**WHAT IS NEEDED**
Nothing but text lines should be duplicated: start with the first line of the listing below and stop after the line holding "Trafic occupé dans", omitting pictures.

**SUPPLIED MATERIAL**
___
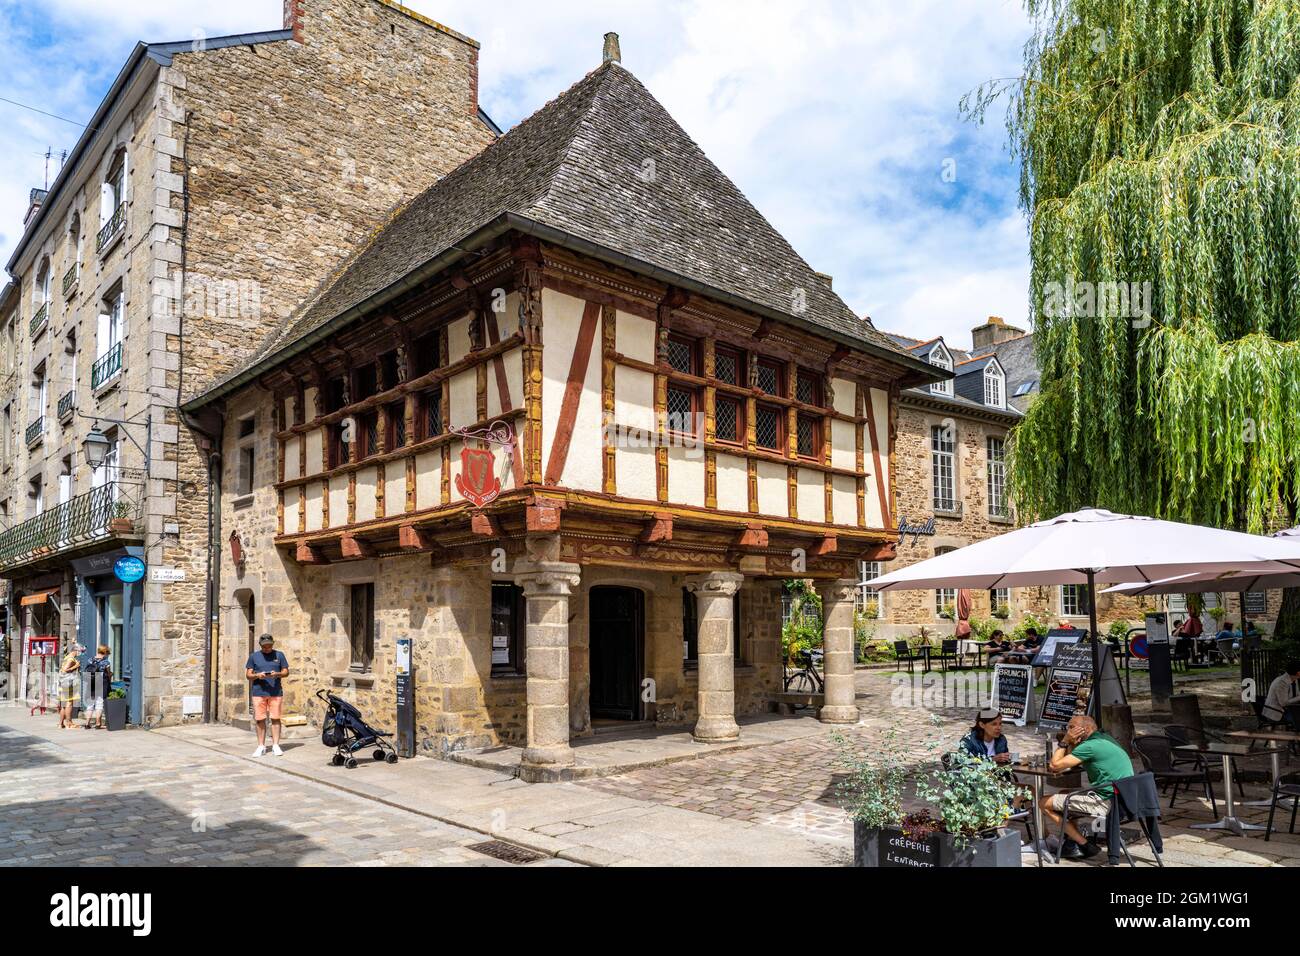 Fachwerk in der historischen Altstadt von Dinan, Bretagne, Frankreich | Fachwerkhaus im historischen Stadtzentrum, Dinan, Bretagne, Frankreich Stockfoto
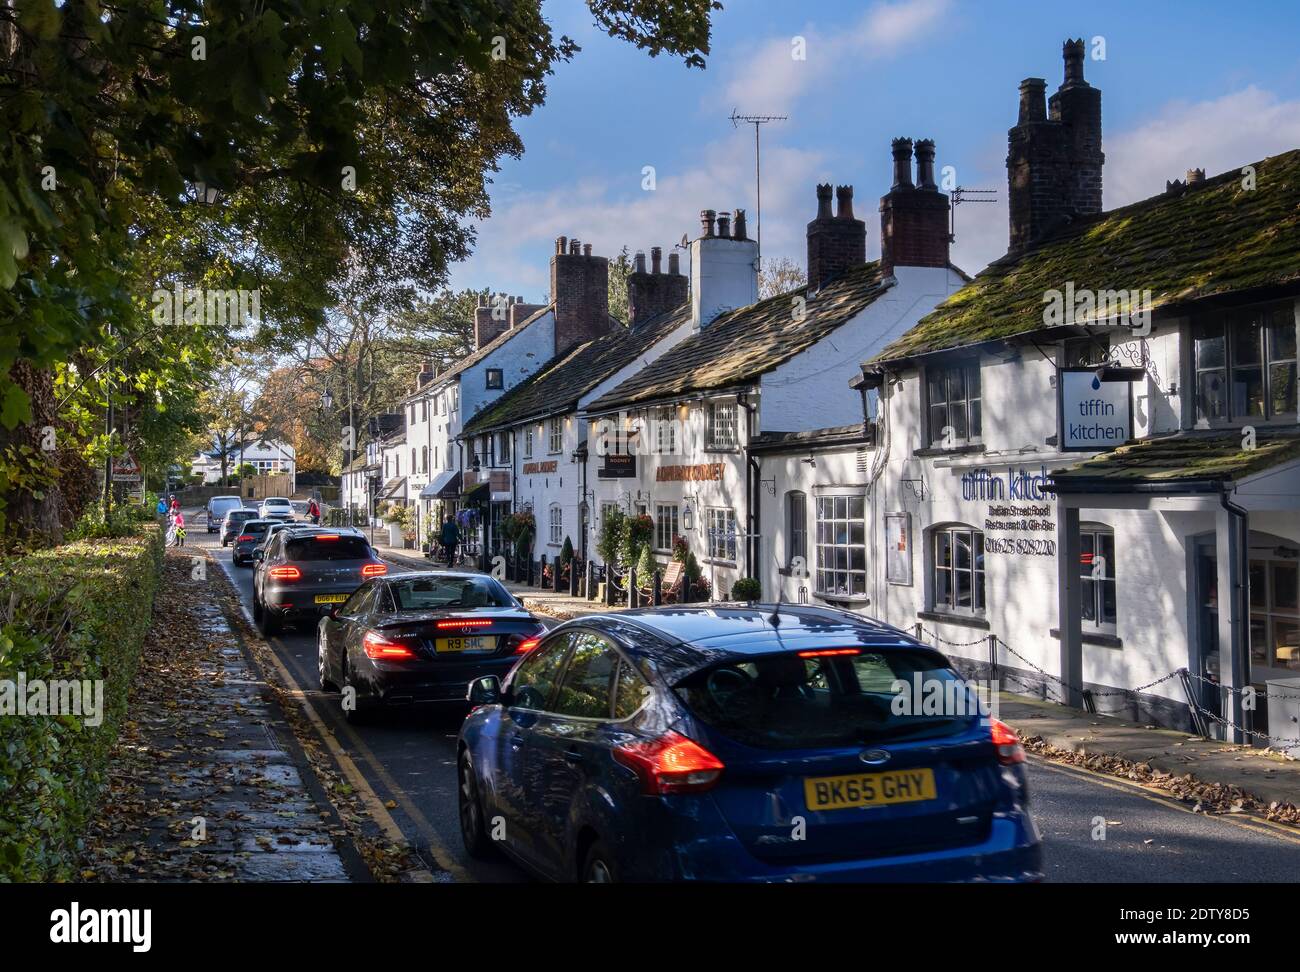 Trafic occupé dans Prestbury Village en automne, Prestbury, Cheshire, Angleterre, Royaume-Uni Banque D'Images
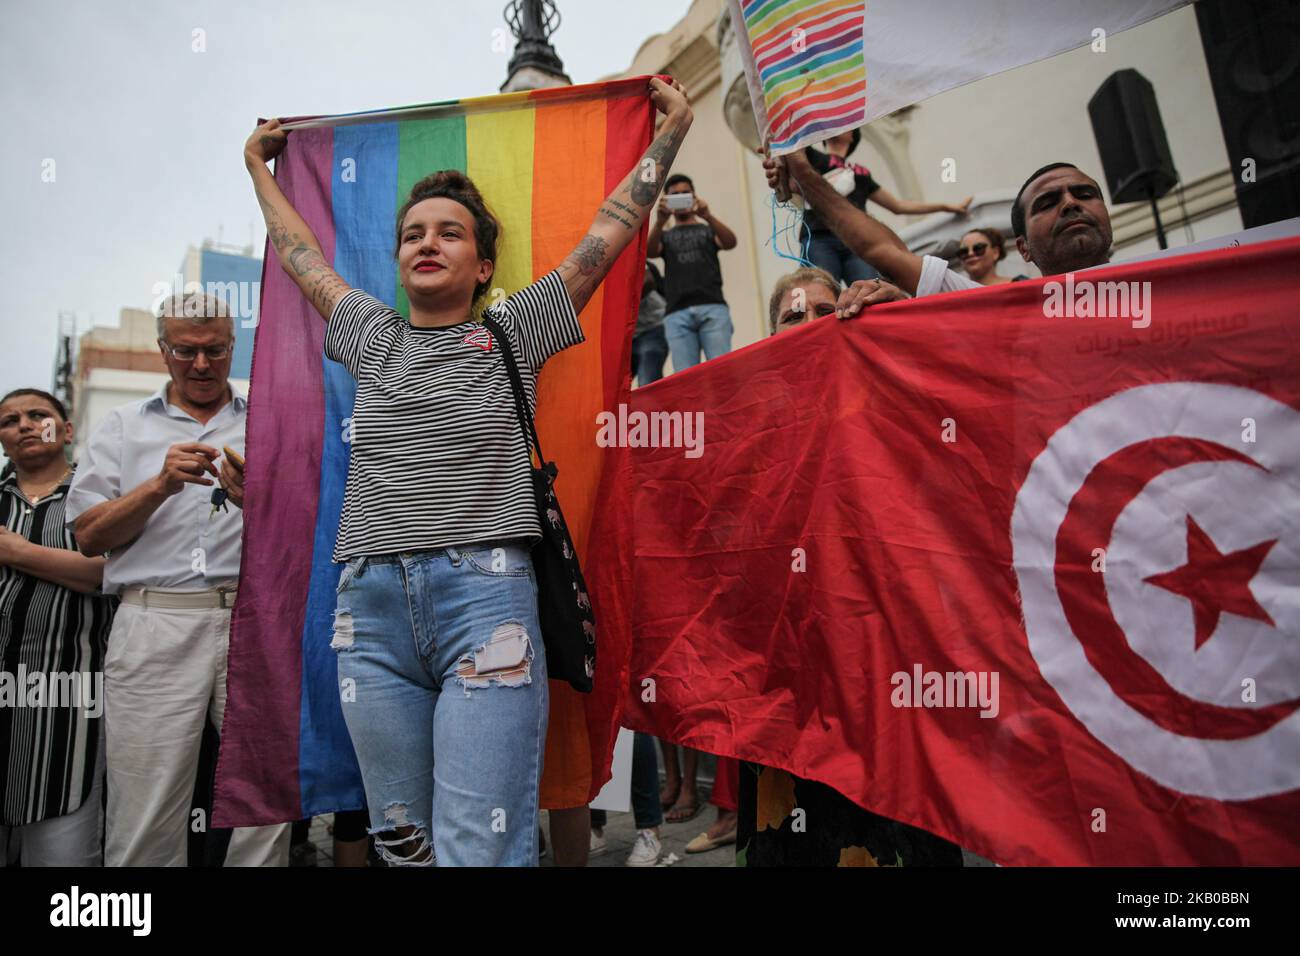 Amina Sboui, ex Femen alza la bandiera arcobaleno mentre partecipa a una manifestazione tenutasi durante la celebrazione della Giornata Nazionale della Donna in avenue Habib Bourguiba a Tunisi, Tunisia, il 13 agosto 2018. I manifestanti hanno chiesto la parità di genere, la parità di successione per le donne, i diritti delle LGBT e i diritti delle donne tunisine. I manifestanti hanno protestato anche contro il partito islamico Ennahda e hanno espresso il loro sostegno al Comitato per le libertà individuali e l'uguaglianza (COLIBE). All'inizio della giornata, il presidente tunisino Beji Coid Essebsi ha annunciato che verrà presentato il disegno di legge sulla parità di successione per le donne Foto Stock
___
**OUTPUT FOR THIS EXERCISE**
 Fachwerk in der historischen Altstadt von Dinan, Bretagne, Frankreich | Fachwerkhaus im historischen Stadtzentrum, Dinan, Bretagne, Frankreich Stockfoto
 Trafic occupé dans Prestbury Village en automne, Prestbury, Cheshire, Angleterre, Royaume-Uni Banque D'Images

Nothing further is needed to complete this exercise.